Below are entries; repeat exactly, and nothing else, the lines from the one holding "winterlandschaft foto amp" through the one holding "長命草(ボタンボウフウ)【健", inclusive. Leave the pictures out.

• Entries provided:
-- Opening Marker --

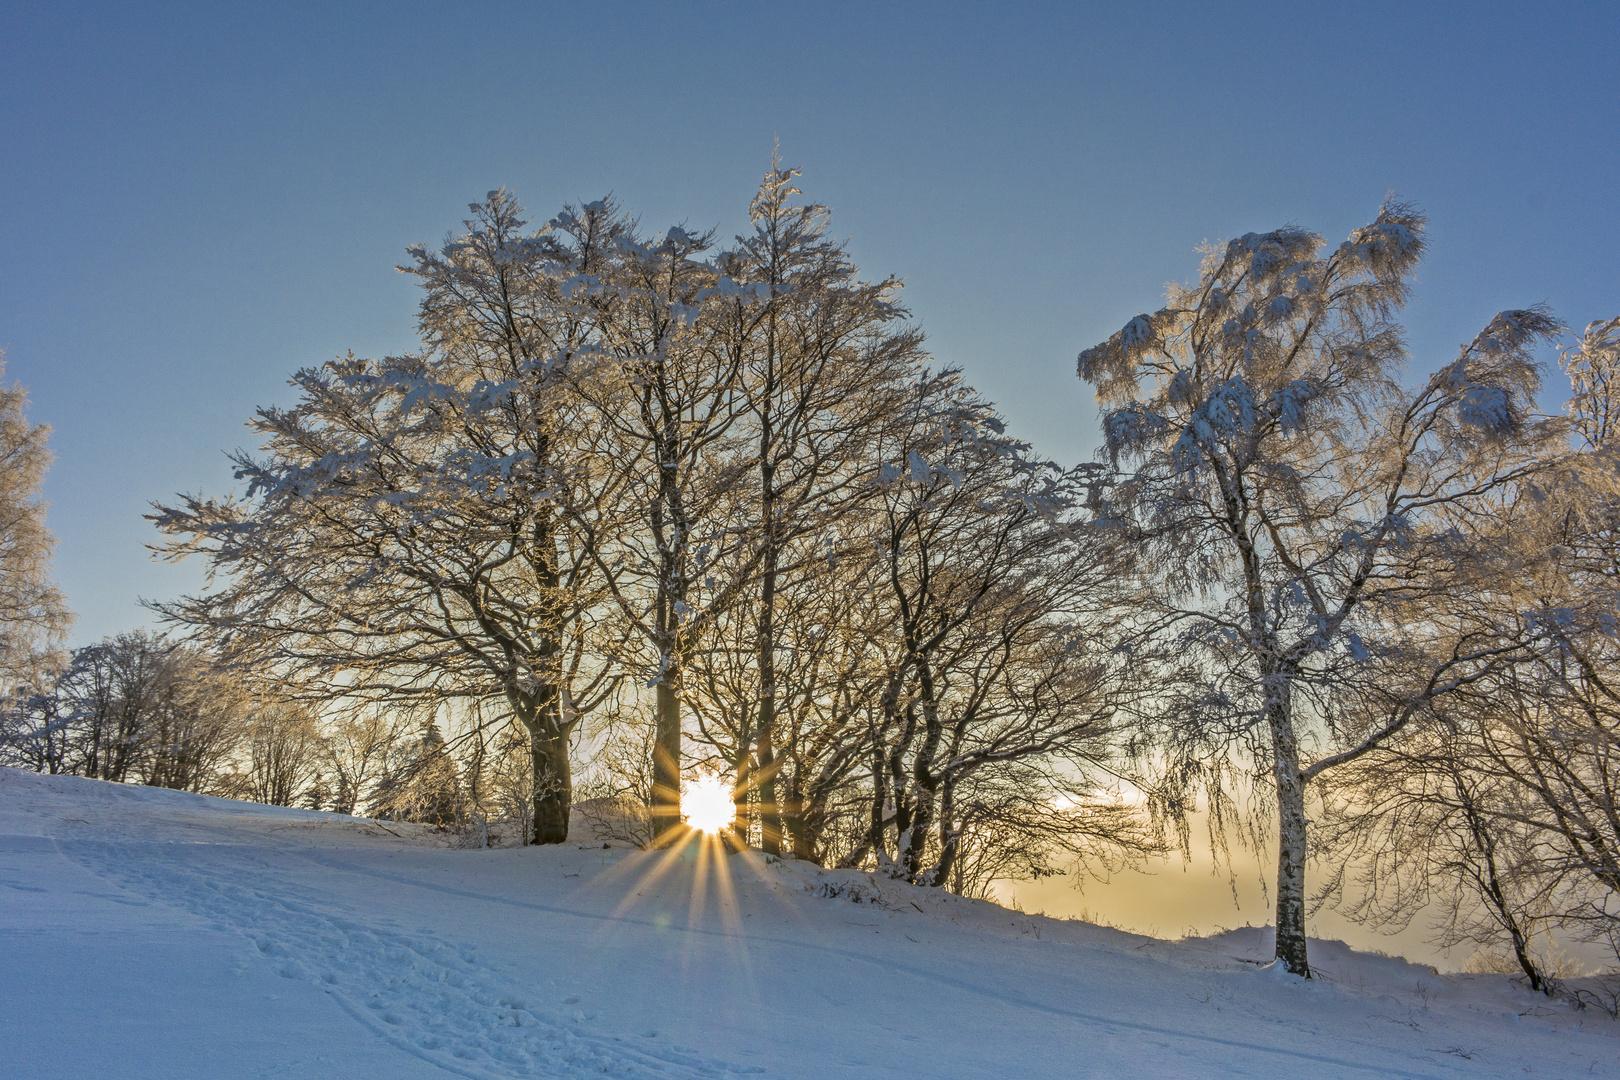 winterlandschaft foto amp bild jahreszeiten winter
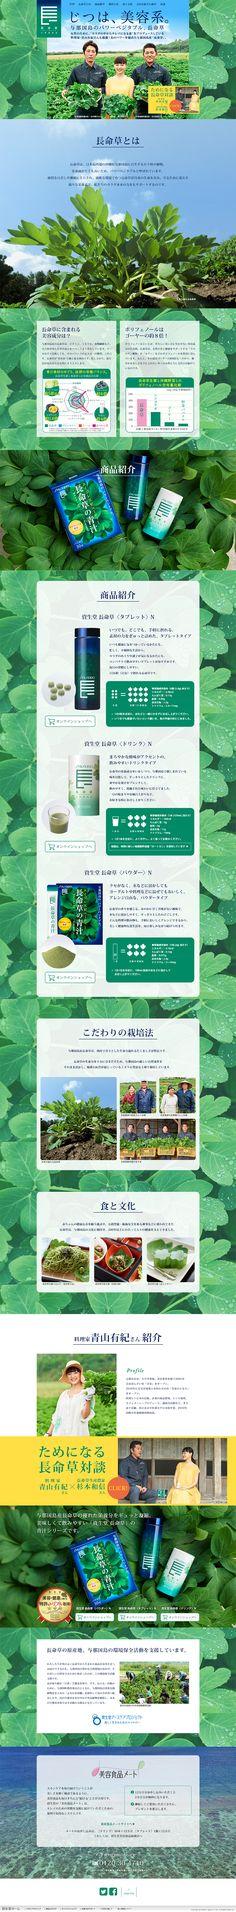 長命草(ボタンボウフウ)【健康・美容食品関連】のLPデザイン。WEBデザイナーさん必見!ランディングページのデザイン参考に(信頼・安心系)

-- Closing Marker --
-- Opening Marker --

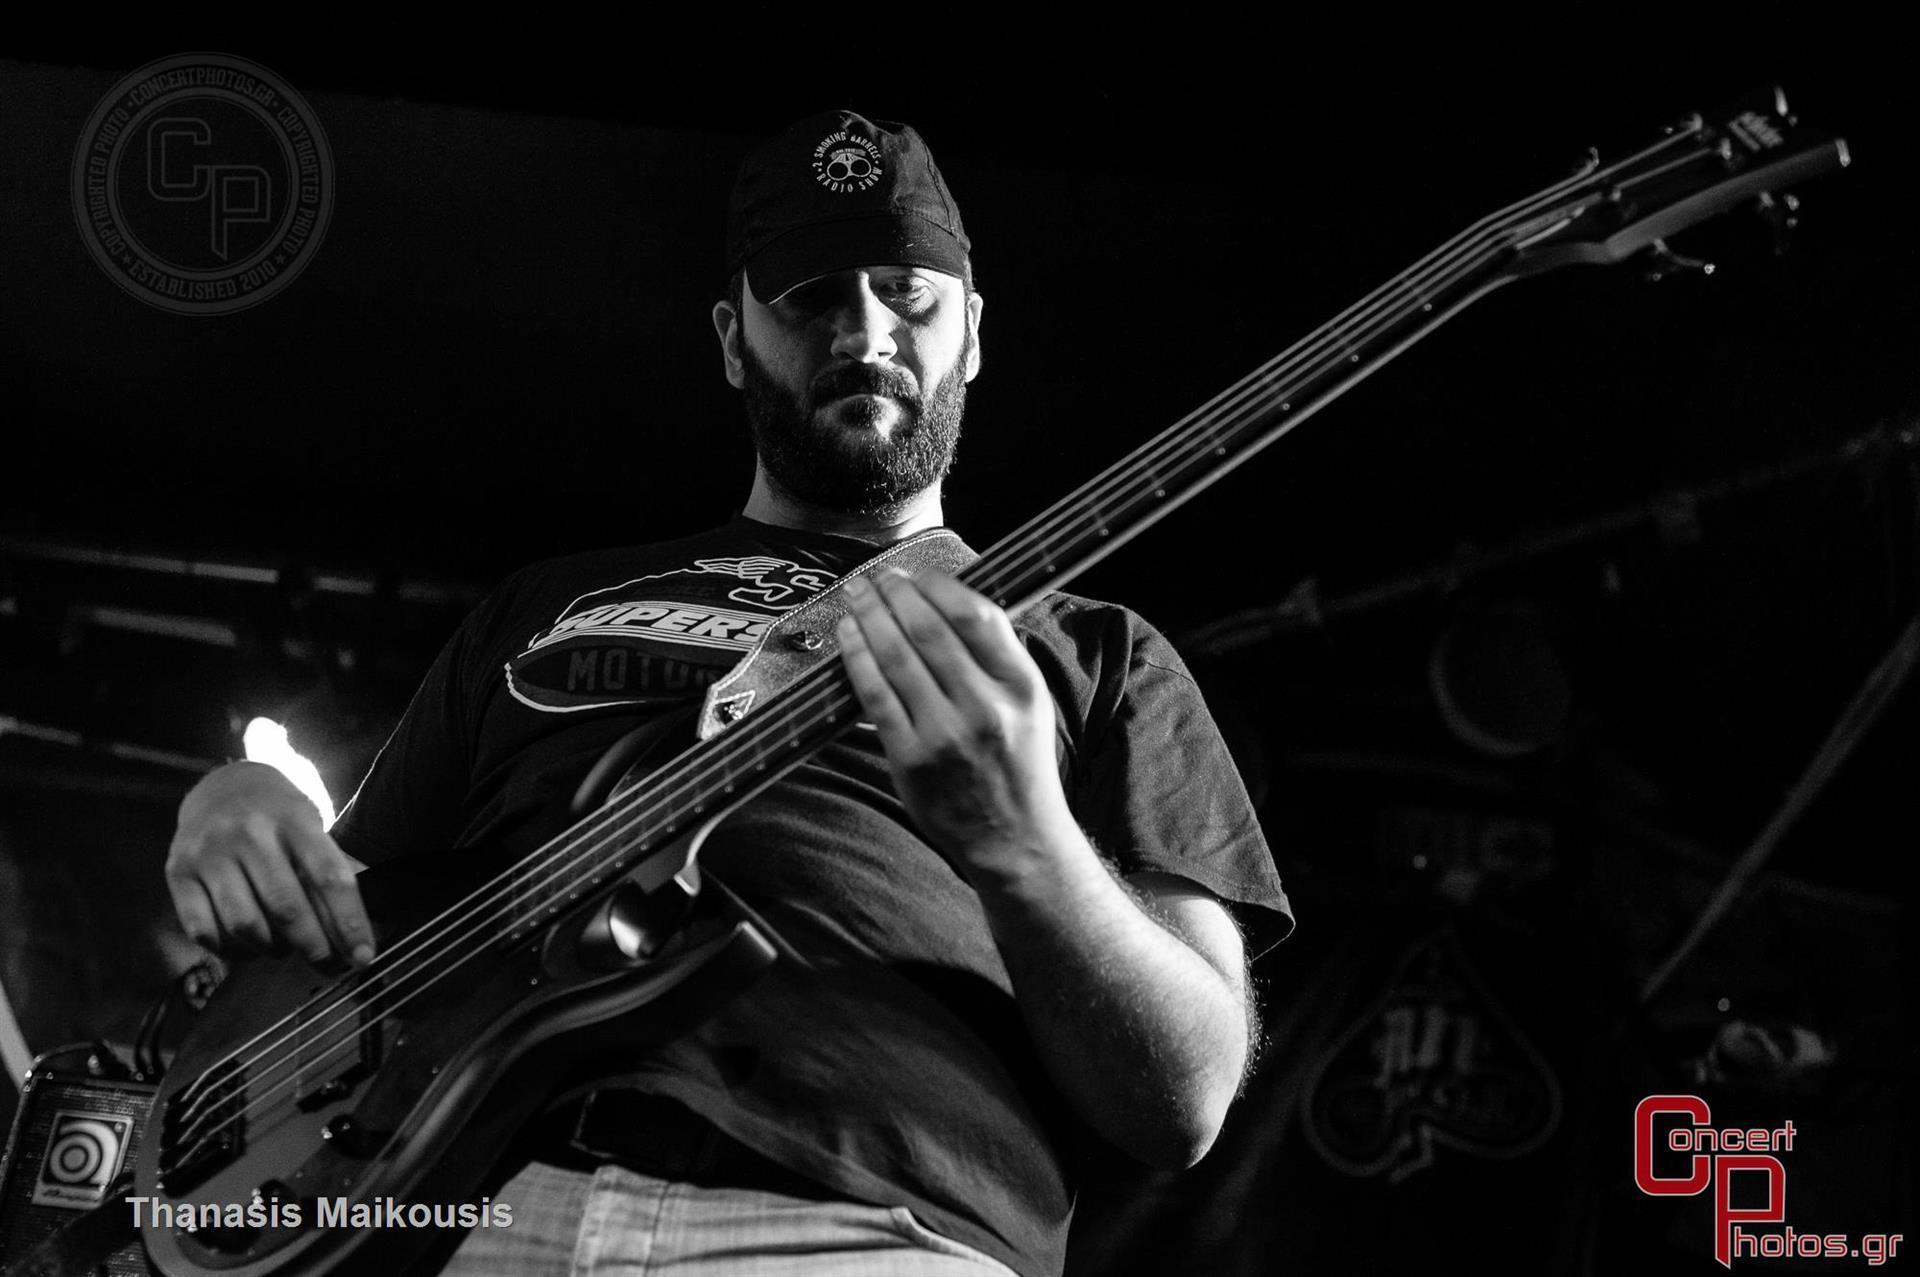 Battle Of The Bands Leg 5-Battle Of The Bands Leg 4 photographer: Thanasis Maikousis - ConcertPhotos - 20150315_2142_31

-- Closing Marker --

• Written response:
 winterlandschaft foto amp bild jahreszeiten winter
 長命草(ボタンボウフウ)【健康・美容食品関連】のLPデザイン。WEBデザイナーさん必見!ランディングページのデザイン参考に(信頼・安心系)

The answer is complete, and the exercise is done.